DecisioNet -- A Binary-Tree Structured Neural Network
- URL: http://arxiv.org/abs/2207.01127v2
- Date: Wed, 6 Jul 2022 18:21:02 GMT
- Title: DecisioNet -- A Binary-Tree Structured Neural Network
- Authors: Noam Gottlieb and Michael Werman
- Abstract summary: We present DecisioNet (DN), a binary-tree structured neural network.
We show that DN variants achieve similar accuracy while significantly reducing the computational cost of the original network.

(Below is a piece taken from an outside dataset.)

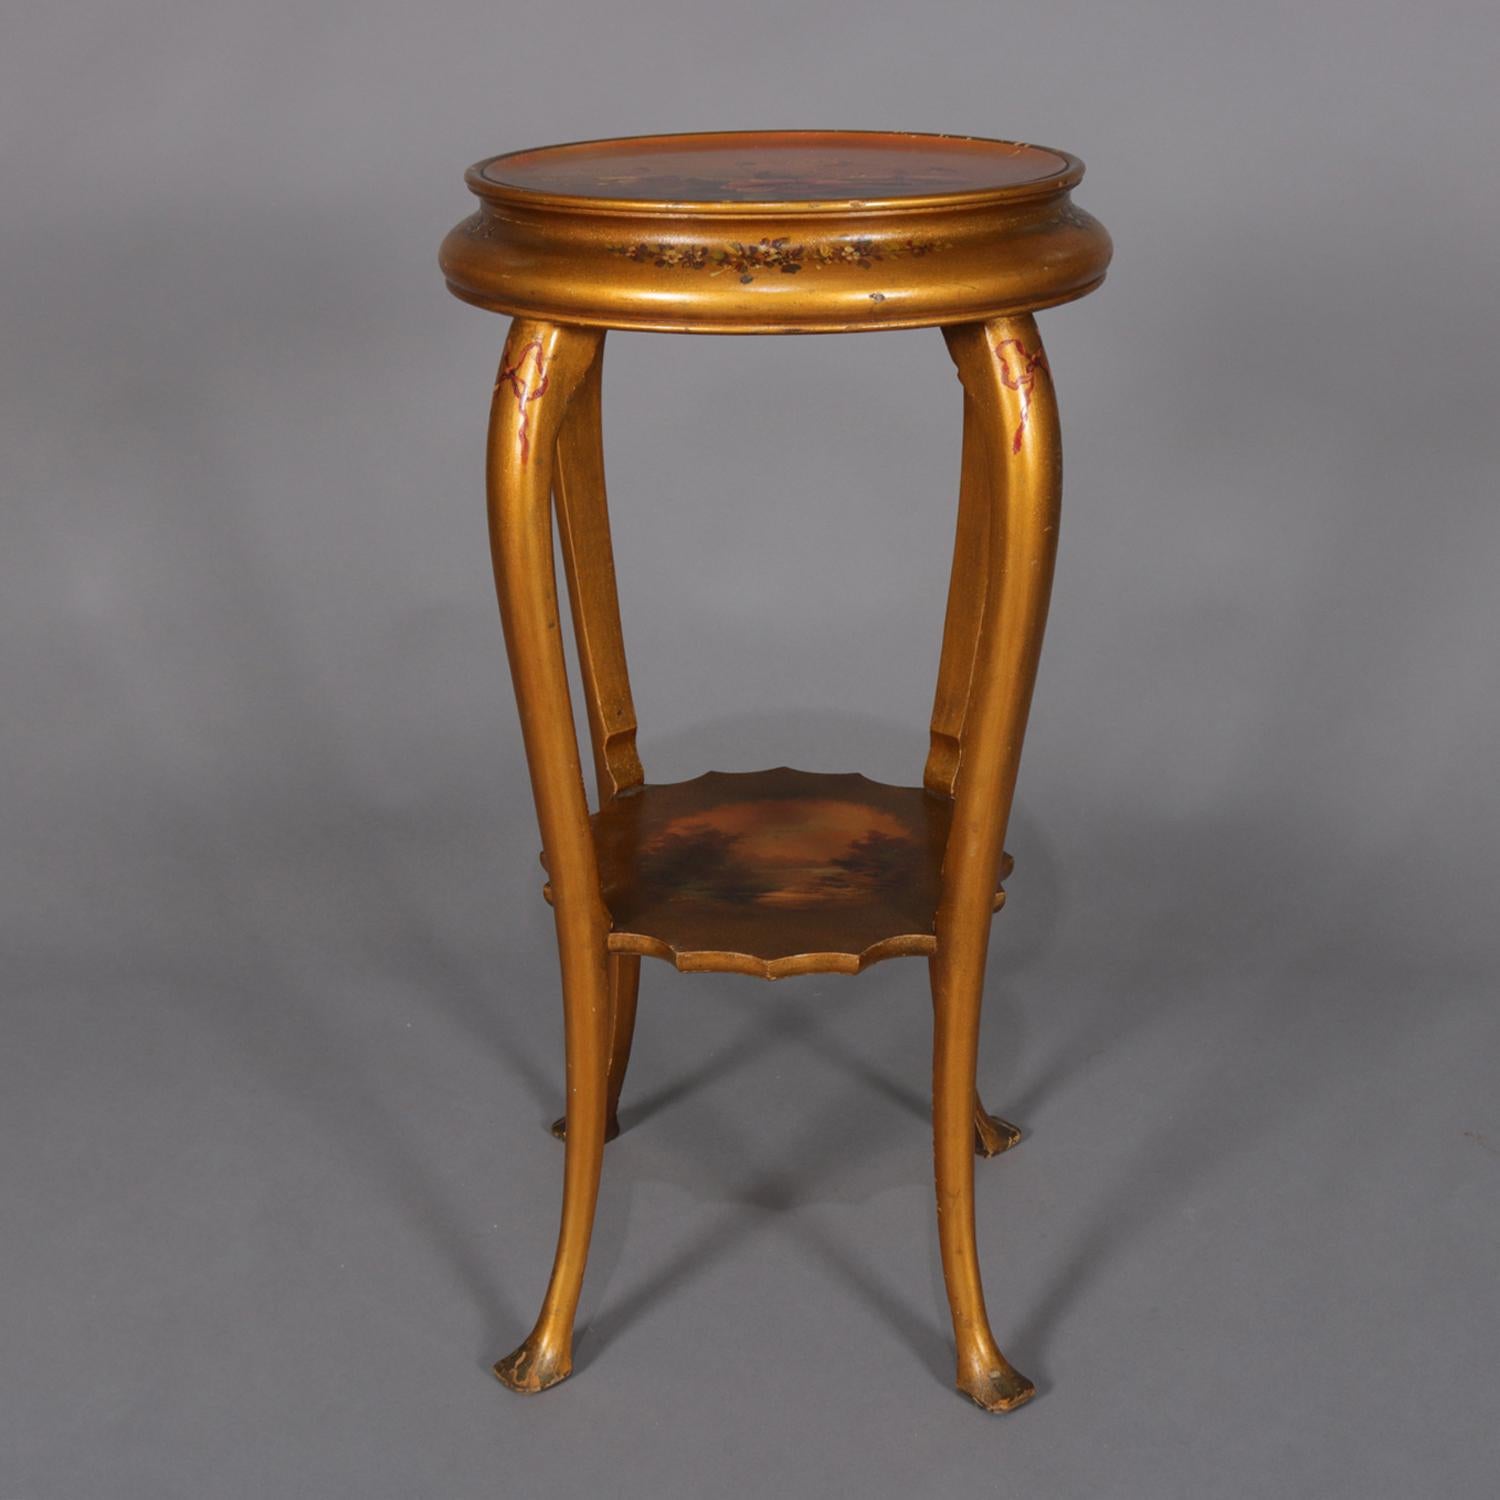 Vernis Martin Hand-Painted Landscape and Floral Giltwood Plant Stand, circa 1900 4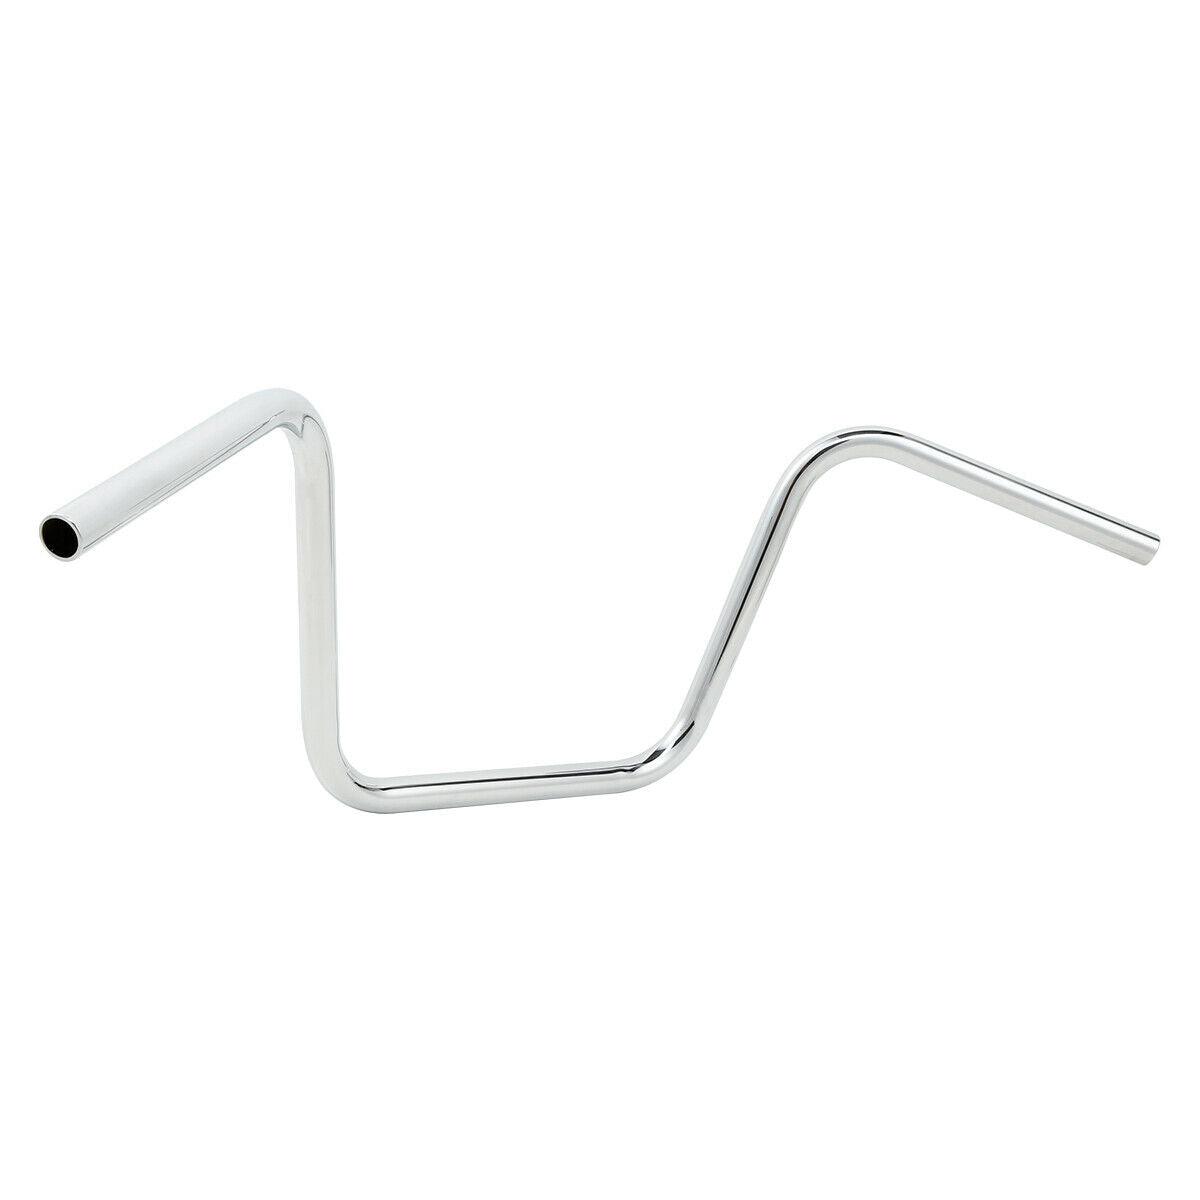 Chrome 12" Rise Ape Hanger Bar Handlebar Fit For Harley Sportster Softail Dyna - Moto Life Products

- Score: 0.12183405753834559
- License: http://arxiv.org/licenses/nonexclusive-distrib/1.0/
- Abstract: Deep neural networks (DNNs) and decision trees (DTs) are both
state-of-the-art classifiers. DNNs perform well due to their representational
learning capabilities, while DTs are computationally efficient as they perform
inference along one route (root-to-leaf) that is dependent on the input data.
In this paper, we present DecisioNet (DN), a binary-tree structured neural
network. We propose a systematic way to convert an existing DNN into a DN to
create a lightweight version of the original model. DecisioNet takes the best
of both worlds - it uses neural modules to perform representational learning
and utilizes its tree structure to perform only a portion of the computations.
We evaluate various DN architectures, along with their corresponding baseline
models on the FashionMNIST, CIFAR10, and CIFAR100 datasets. We show that the DN
variants achieve similar accuracy while significantly reducing the
computational cost of the original network.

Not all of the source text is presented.